Maralah and Taigan blocked the other side of the gate, working a spell in tandem that Lilia could not see, but she could sense. The air on this side was as heavy as the other. The pressure in her ears was so intense it affected her hearing. It was like being underwater.
Of course Taigan despised Maralah, but then, he despised a good many people.
He had also fought beside her for over two decades. Not so long, by his reckoning of time, but long when he considered how many other people he had been forced to put up with for any length of time. When it was just the two of them remaining, facing down twelve open gateways pouring hundreds of Tai Mora at them, well, he had an idea of their choices in such a situation.
She no longer had a ward on him.

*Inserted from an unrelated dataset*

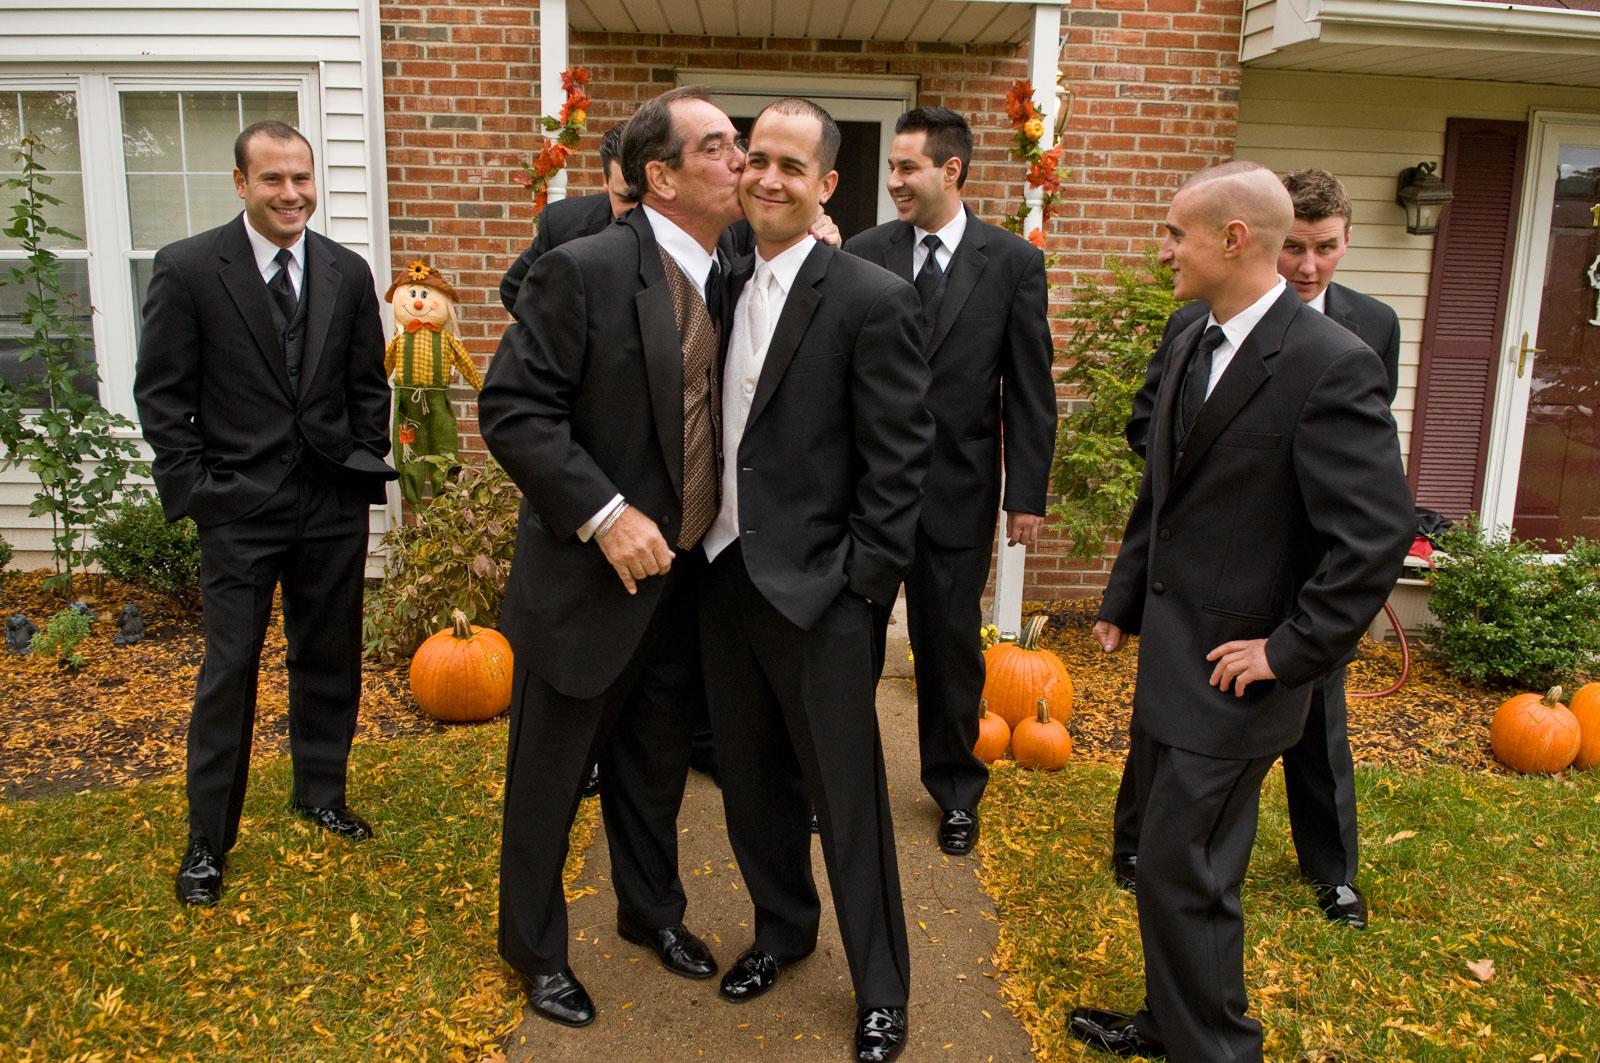 Wedding016__DSC5674.jpg

He could do to her what he liked and walk away, burning through all of these foreign jistas and running off merrily into the woods or swimming endlessly across the sea, if he chose.
Taigan had a long, bitter memory. In this moment, facing the seething hordes of Tai Mora, he was reminded of Aaradua
n, and how the black, slithering plant flesh swarmed the blue walls of the hold, even as the living hold spat and hissed at them. Para, Lord of the Air, had not protected them then. The satellites had abandoned them. The Patron was dead. What were they in this moment, two cursed figures without a country, saving a bunch of pacifist cannibals? To what end?

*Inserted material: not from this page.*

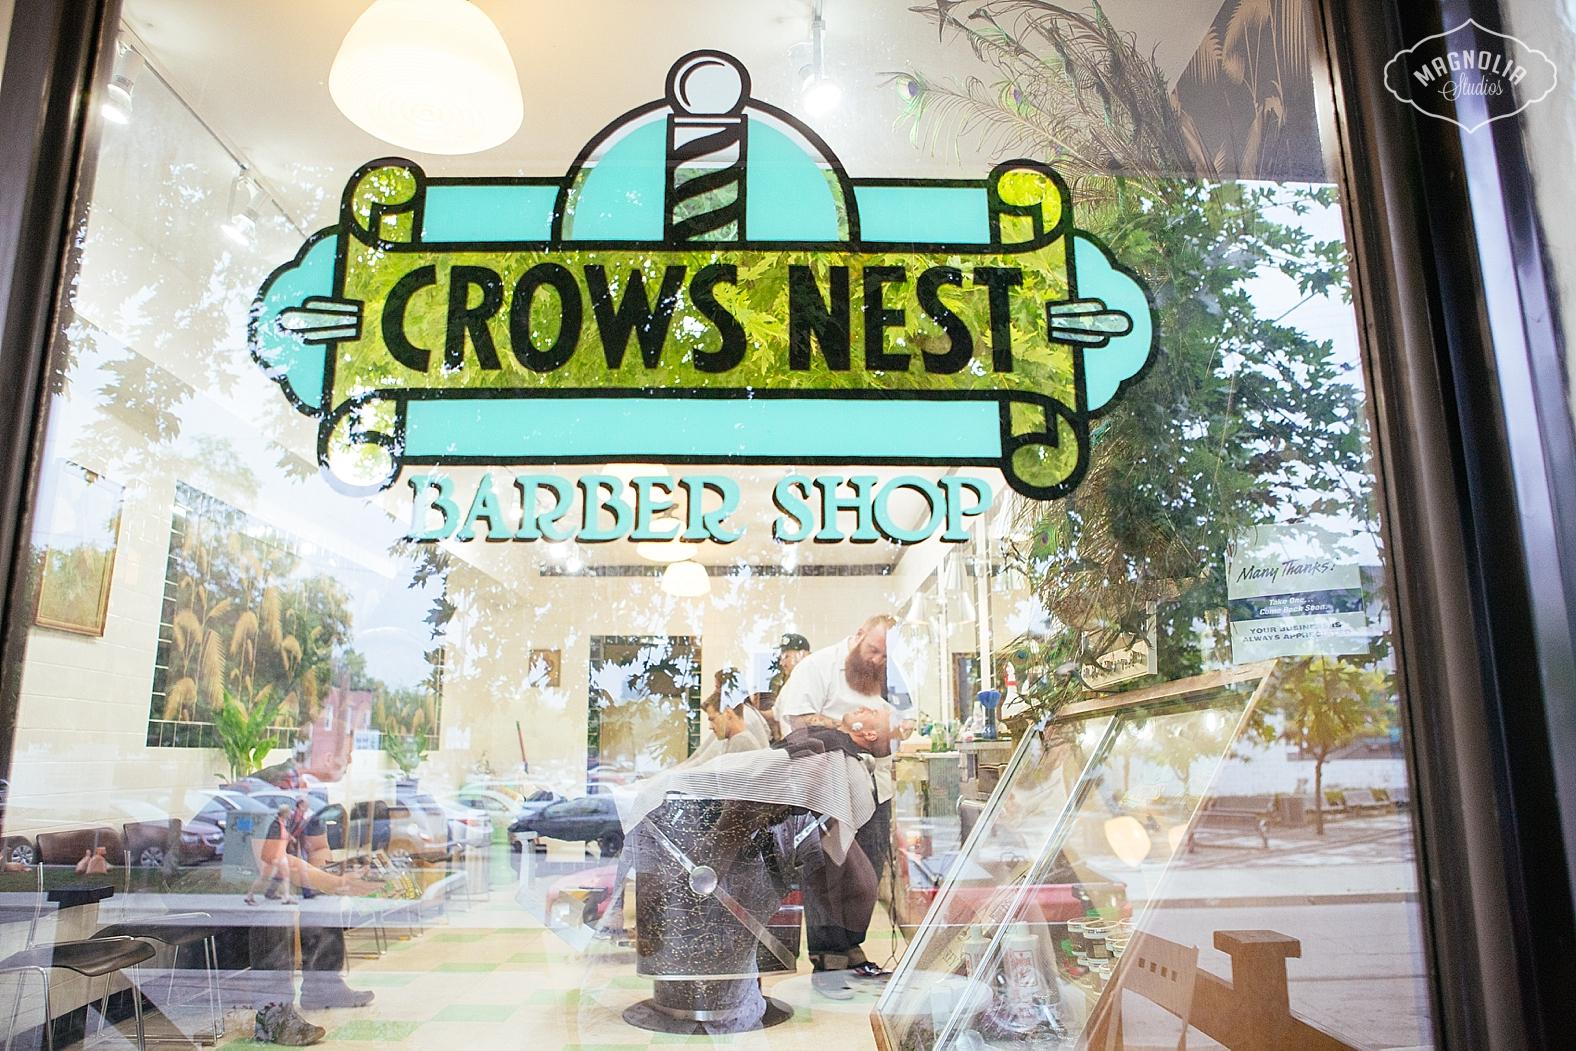 Crowsnest Barbershop

Maralah tilted her head at him. The air was so heavy it felt like drinking soup.
He snorted at her. Raised his hands. Called for Oma, as much and as quickly as his body allowed.
“Five second delay?” Taigan asked.
“No,” Maralah said. “One hundred paces out, though.”
“That will hurt you.”
“I thought you’d like that.”
“I do.”
They called upon their stars, and wove a deadly burst of power in the air twenty paces out, right up against the wall of air.

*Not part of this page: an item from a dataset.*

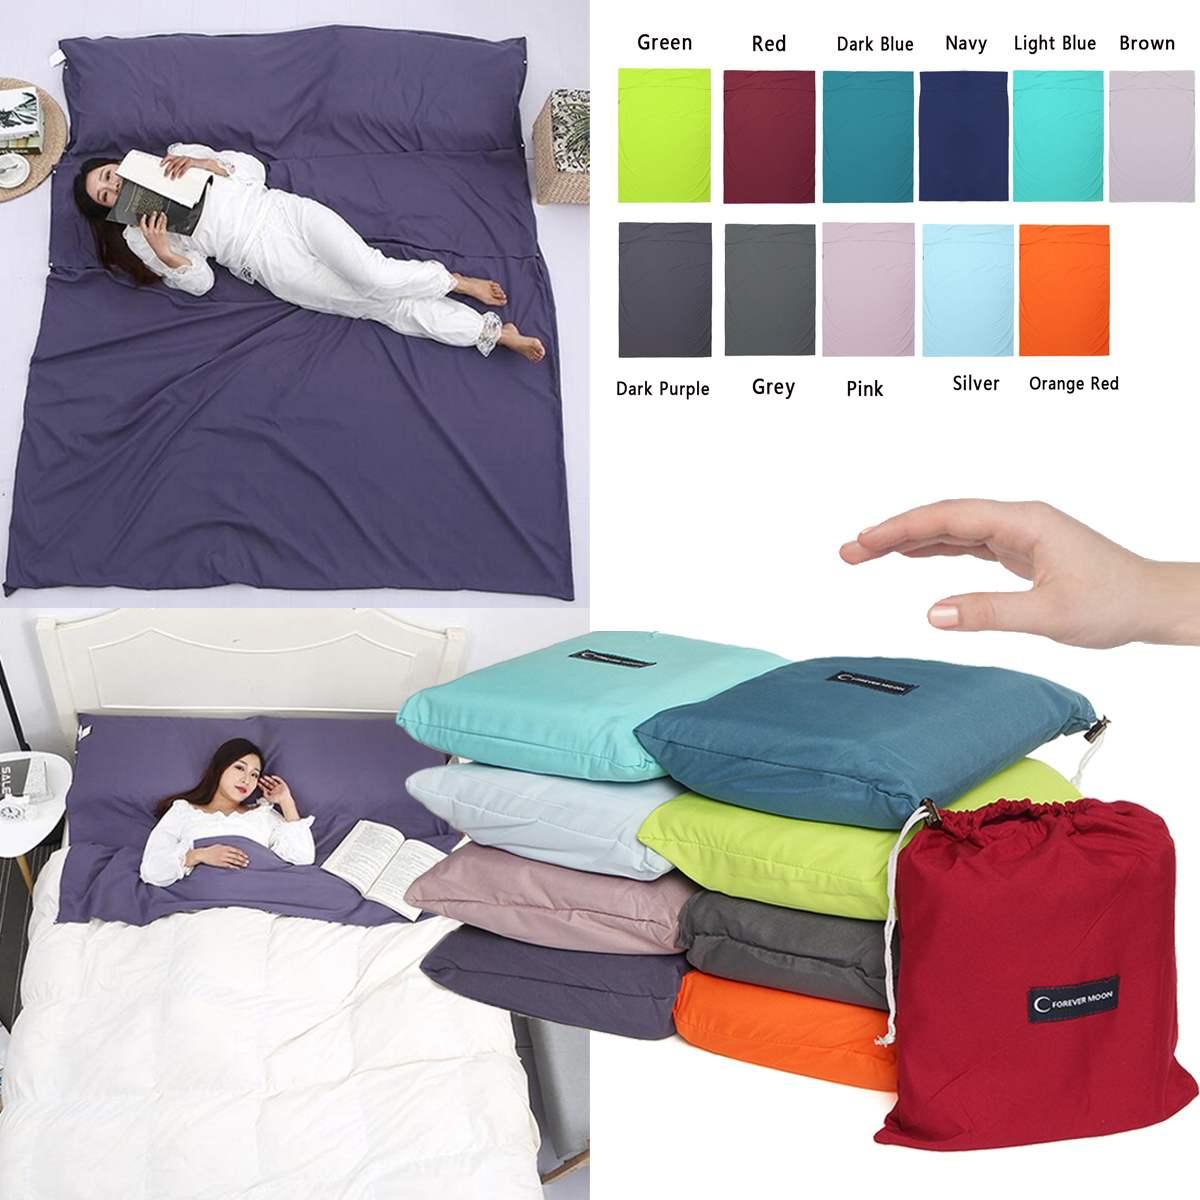 Bolsa de dormir portátil para viaje al aire libre, plegable, ultraligera, aislada, sucia, Sábana de sábana de acampada, 160x210cm

Maralah made a sign, most likely to Kadaan, behind them. Taigan recognized it.
Drop the wall.
Taigan released his tangled spell, and braced for the blowback.
A massive blast of heat and air rushed through the wink, sending Taigan and Maralah with it. Lilia didn’t have time to move out of the way. The blast took the nearest of those at the gate off their feet, throwing them ten paces or more away.
Lilia landed in a tangle of others, ears ringing. She pushed her way back to the gate – it was still open. A great crater of fire consumed everything on the other side, but already figures were moving out of it.
“Anavha!” she called, but even to her own ears, her voice was muted, far away.
Anavha was key to everything. Without him they were stuck here, with no time to get back before Para left the sky. How would she manage that? Ships took days, days they did not have, not now.
Lilia stared out at a great rolling horizon; golden fields of grass as far as she could see. She pivoted, taking in the sheer breadth of it. She had never seen so much open space.